Objectives: Patients who are found down (FD) with unknown mechanism of injury pose a triage dilemma. At the study institution, this population with suspicion of trauma were previously triaged as the highest-level trauma team activation (TTA). Due to high rates of over-triage, this criterion was modified to include signs of trauma. The purpose of this study is to compare injured FD patients to uninjured FD patients and identify patient characteristics and outcomes associated with injury.
Methods: A retrospective review was conducted on adult patients with the cause code “found down” between 1/2019—4/2021. Injured patients were compared to uninjured patients. Injury was defined as an injury severity score (ISS) of 1 or higher. The criteria for suspicion of trauma included altered mental status, confusion, seizures, intoxication, or dementia. Signs of trauma were defined as abrasions, lacerations, ecchymosis, contusions, hematomas, deformity, pain, and crepitus.
Results: 415 patients were identified during the study period with 273 (65.8%) sustaining injury and 142 (34.2%) were uninjured. There were no differences in age, gender, and arrival Glasgow Coma Scale (GCS) score. No differences were seen in arrival vital signs.

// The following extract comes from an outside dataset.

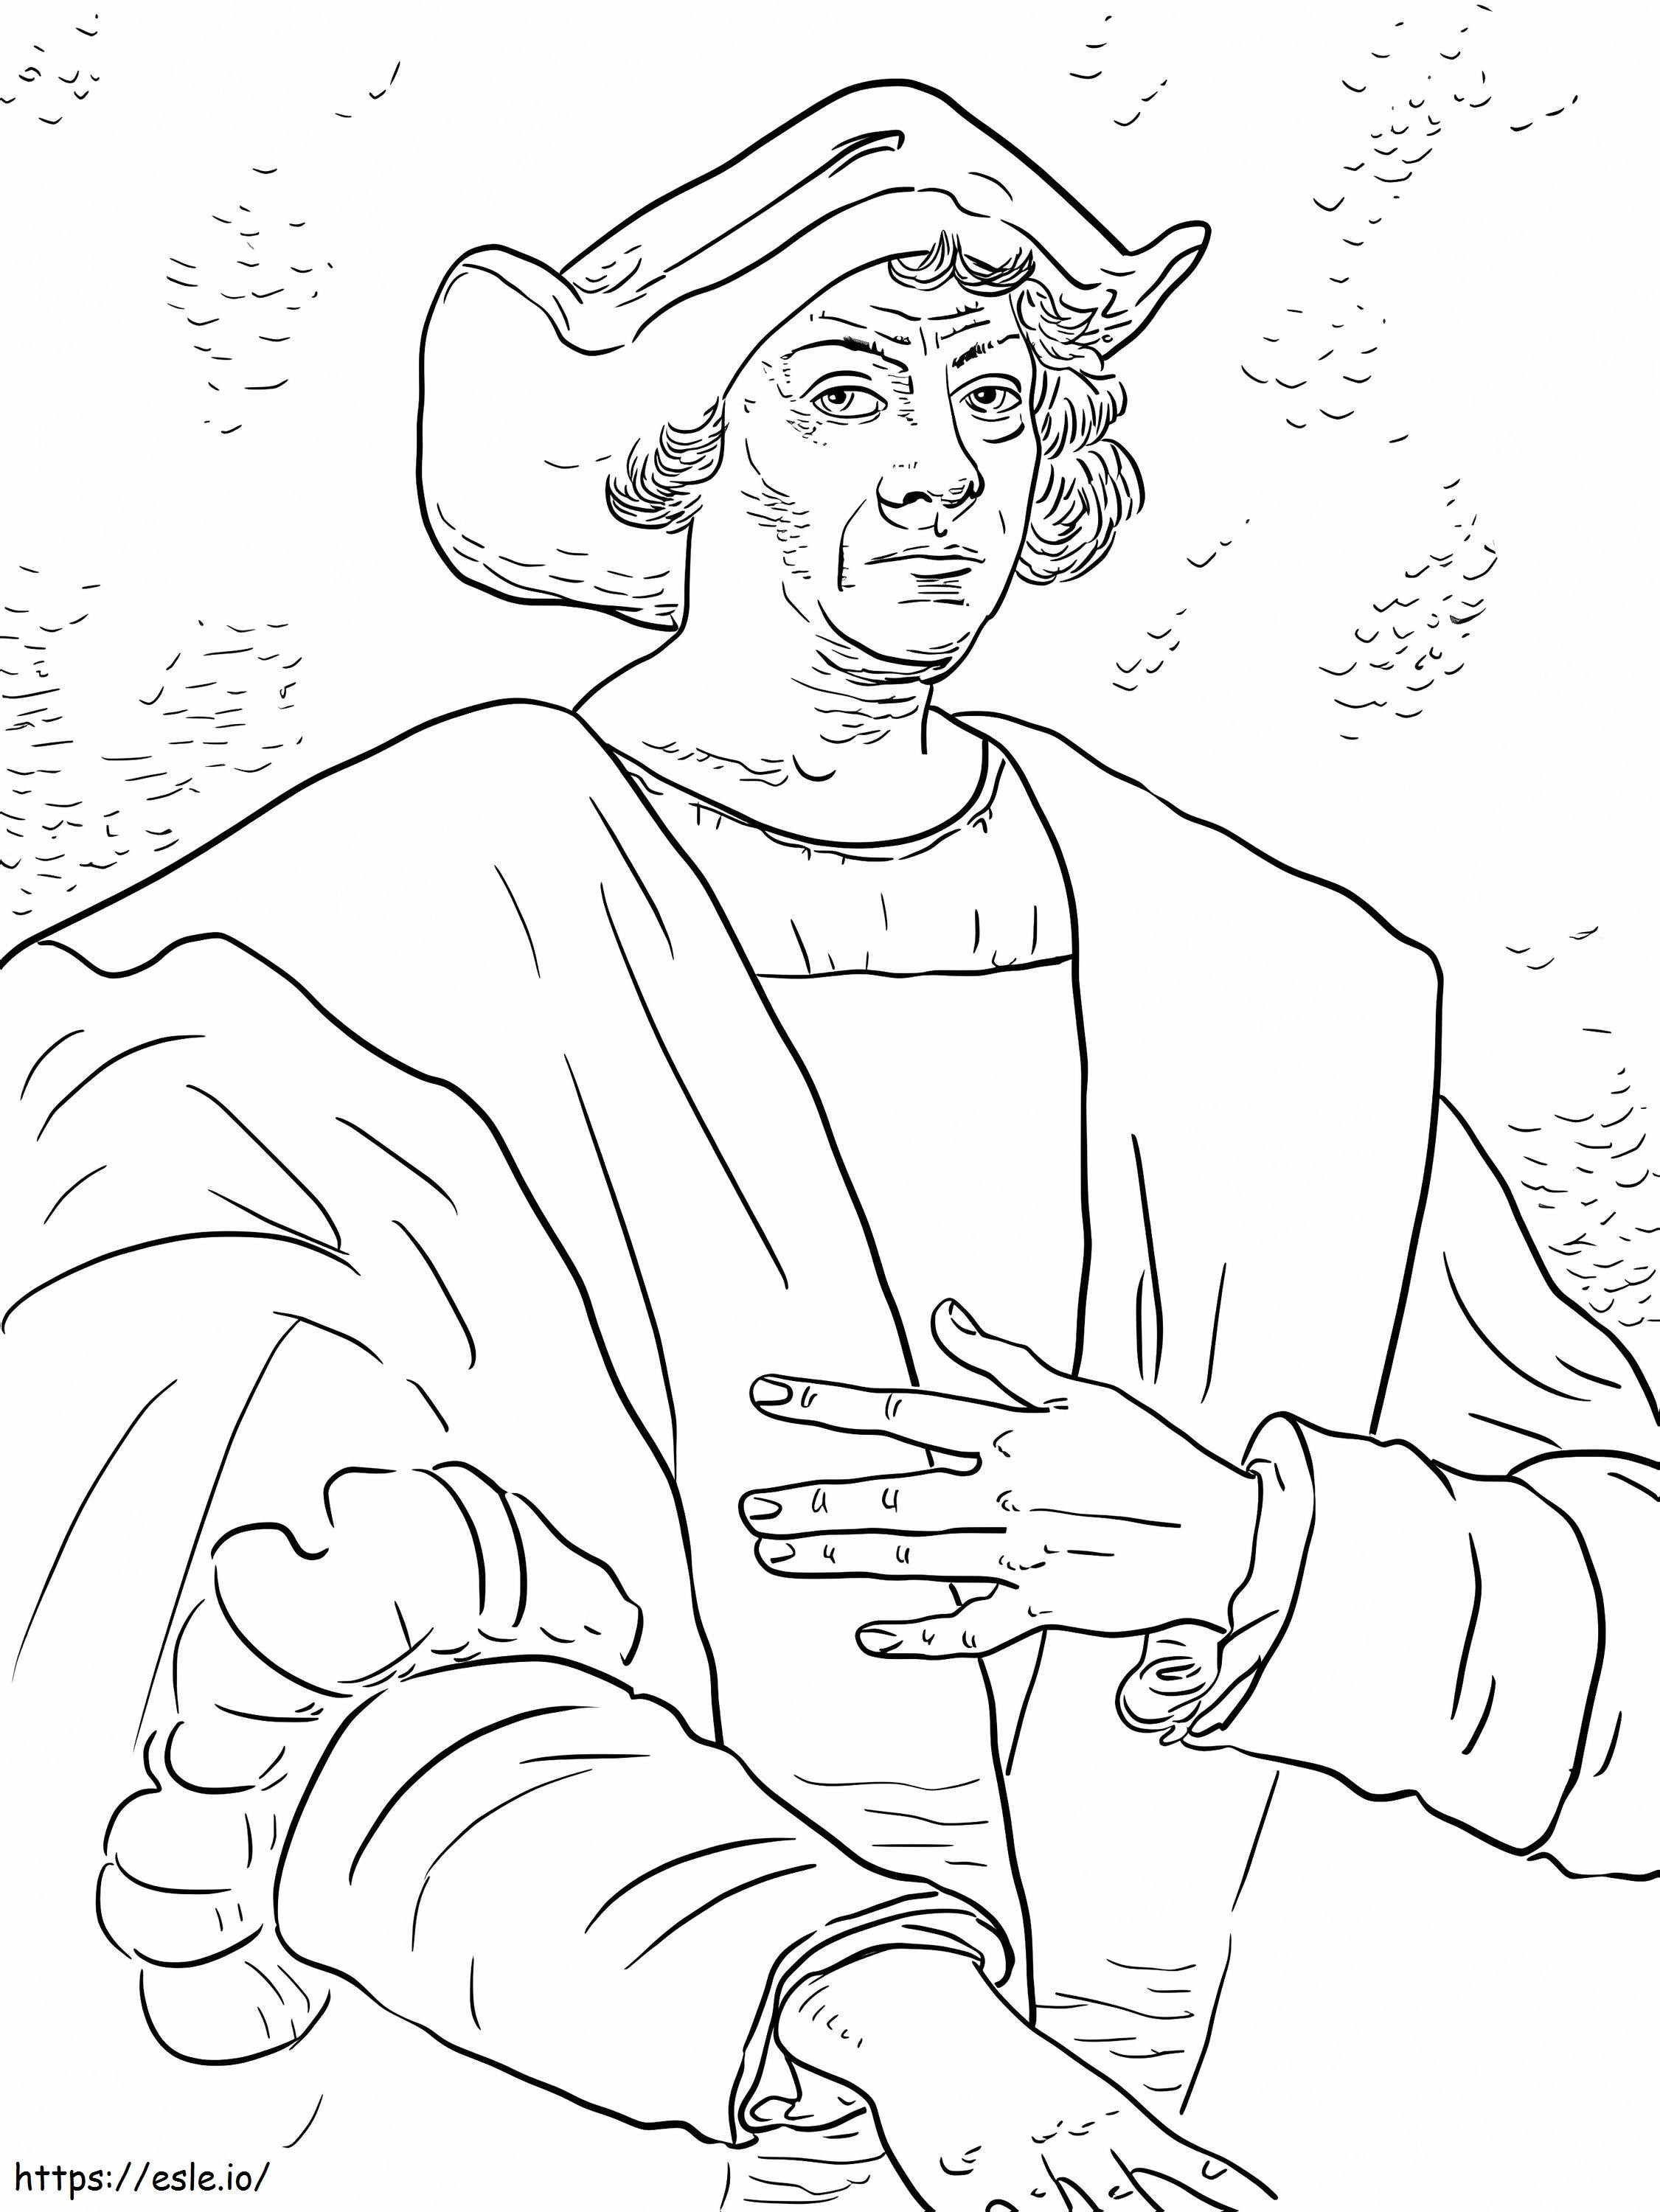 Christopher Columbus 12 coloring page

Mean ISS of the injured patients was 5.4. 84.3% of the injured patients had an ISS 10 or less and 12.8% had an ISS greater than 15. The injured group was more likely to have signs of trauma (96.0% vs 17.6%, p< 0.0001) whereas the uninjured group was more likely to have suspicion of trauma (2.2% vs 62.7%, p< 0.0001). There was no difference in the rate of highest-level TTA between two groups. Patients who were injured had a higher rate of admission to the trauma service (40.3% vs 7.8%) and patients without injury had higher rates of discharge from the ED (28.6% vs 43.0%) and admission to the nonsurgical services (30.8% vs 47.9%) (p < 0.0001). The two groups had similar hospital length of stay (LOS). The injured group had a longer median ICU LOS (0 (0,1) vs 0 (0,0), p=0.033) and mortality rate (18.3% vs 8.5%, p=0.008). Independent predictors of mortality were DNR status and older age while dementia and higher GCS were protective.
Conclusion: Injured and uninjured FD trauma patients had similar arrival GCS and hemodynamic parameters, making it challenging to identify those with injury who require trauma evaluation. Signs of trauma can be a valuable indicator of injury in the FD population.